La combinación de un débil andamiaje constitucional y de un déficit de cultura política e histórica ha abonado la llegada al poder de un psicópata armado con dinamita y dispuesto a encender la mecha entre carcajadas enloquecidas, abocándonos a una situación límite: en el último medio siglo, nunca habíamos estado tan cerca de la ruptura de la convivencia y de la tiranía. Sin embargo, cabe preguntarse si, más allá de las peculiaridades del caso español, existen elementos que permitan hablar de una crisis sistémica de las democracias occidentales, en distinto grado. ¿Son las elecciones un fraude si el candidato miente como un bellaco sobre sus verdaderas intenciones? ¿Cómo evitar que el pueblo elija a un tirano, como ha ocurrido repetidas veces a lo largo de la historia, e impedir que éste disponga de tanto poder de destrucción? Un sistema político ideal busca preservar la libertad y la dignidad del hombre, el orden social, la tolerancia en el pluralismo, el imperio de la ley y la justicia, cuyo fruto es la paz. ¿Están lográndolo las democracias occidentales del s. XXI o, en palabras de Hans-Hermann Hoppe, hemos idolatrado a un dios que nos ha fallado?

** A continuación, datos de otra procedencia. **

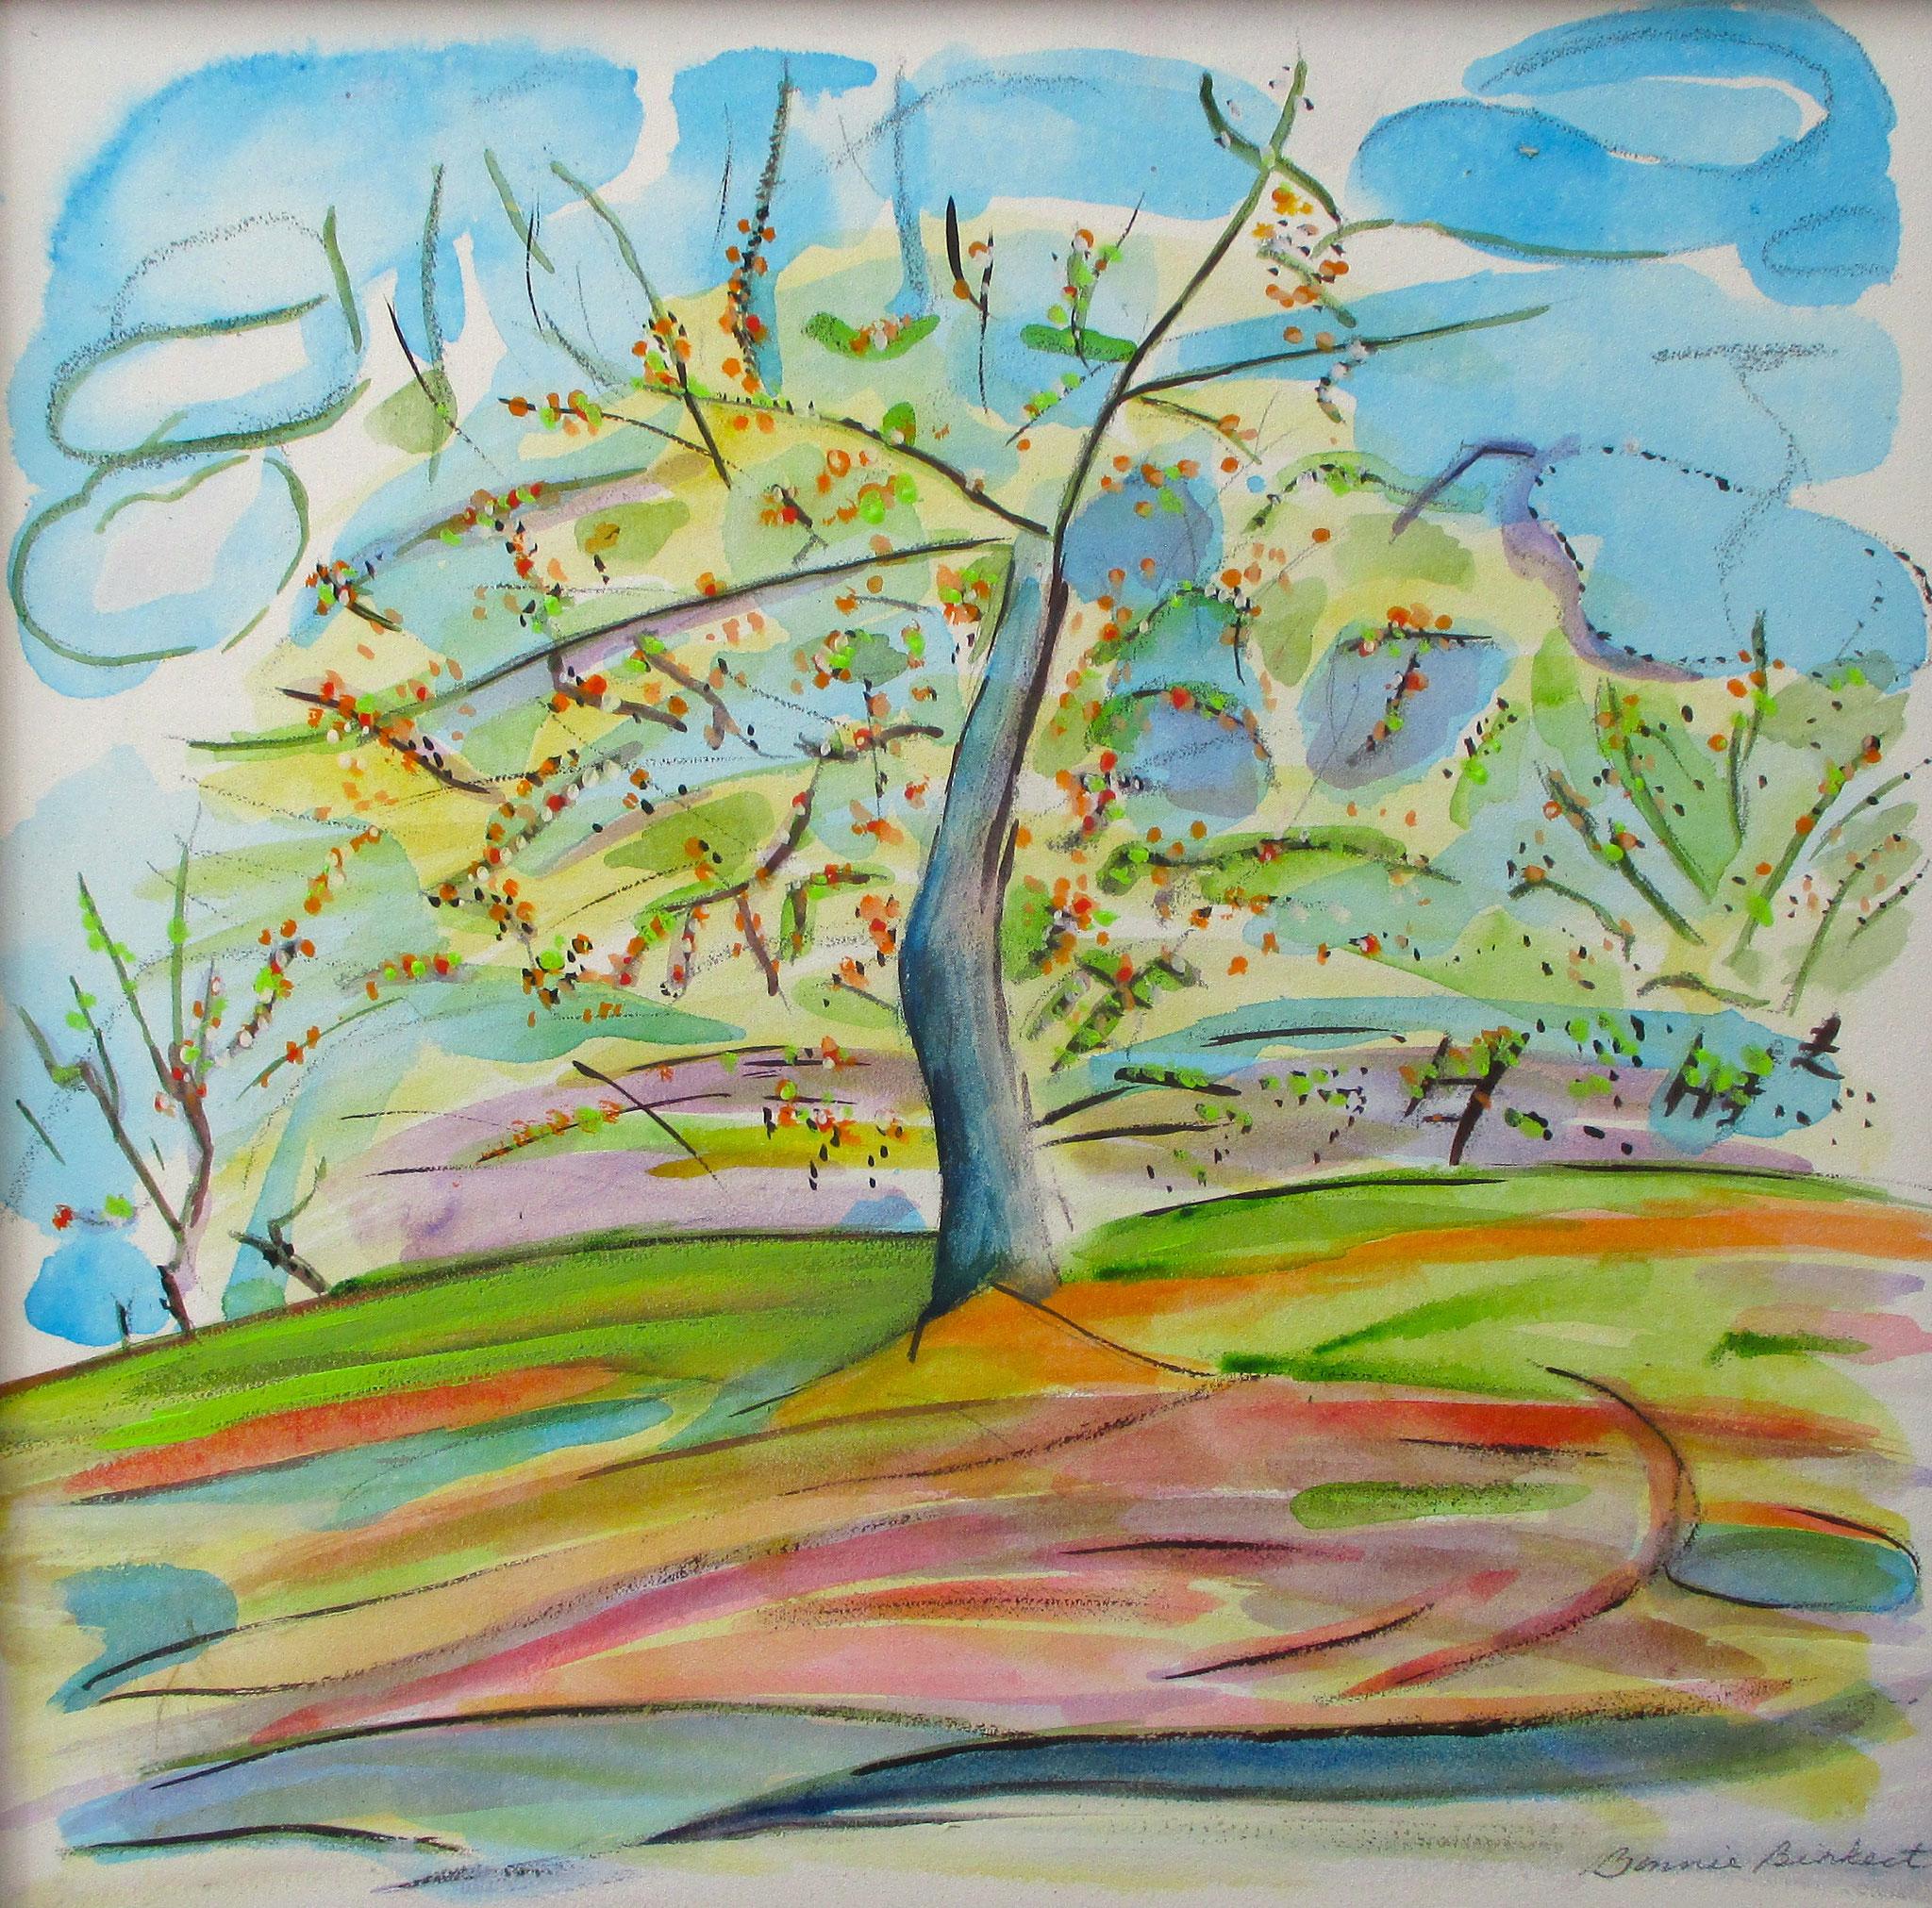 Apricot Season, watercolor on board, 12 x 12, SOLD
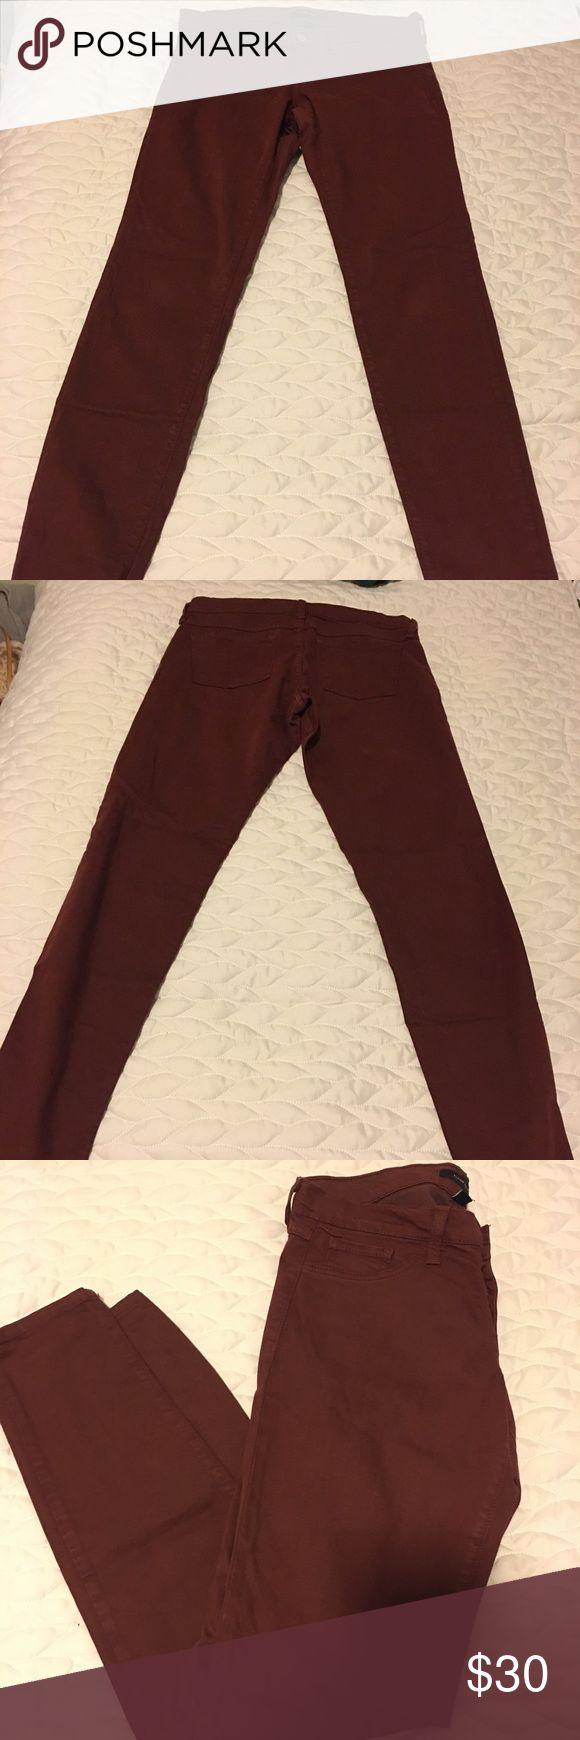 Maroon skinny jeans Flying Monkey 🐒 Flying Monkey skinny jeans size 28 Maroon color. Not faded, in great shape. Rarely worn. flying monkey Jeans Skinny

En la segunda parte de este artículo trataré de responder a estas preguntas, pues del diagnóstico acertado de la situación depende, nada más y nada menos, el futuro de nuestra libertad. La gravedad de lo que nos jugamos hace que ya no quepa ocultarse tras las caretas e imposturas exigidas por la etiqueta de la corrección política. Diagnostiquemos, por tanto, con realismo y sin miedo la patología de nuestro sistema político, único modo de curarla.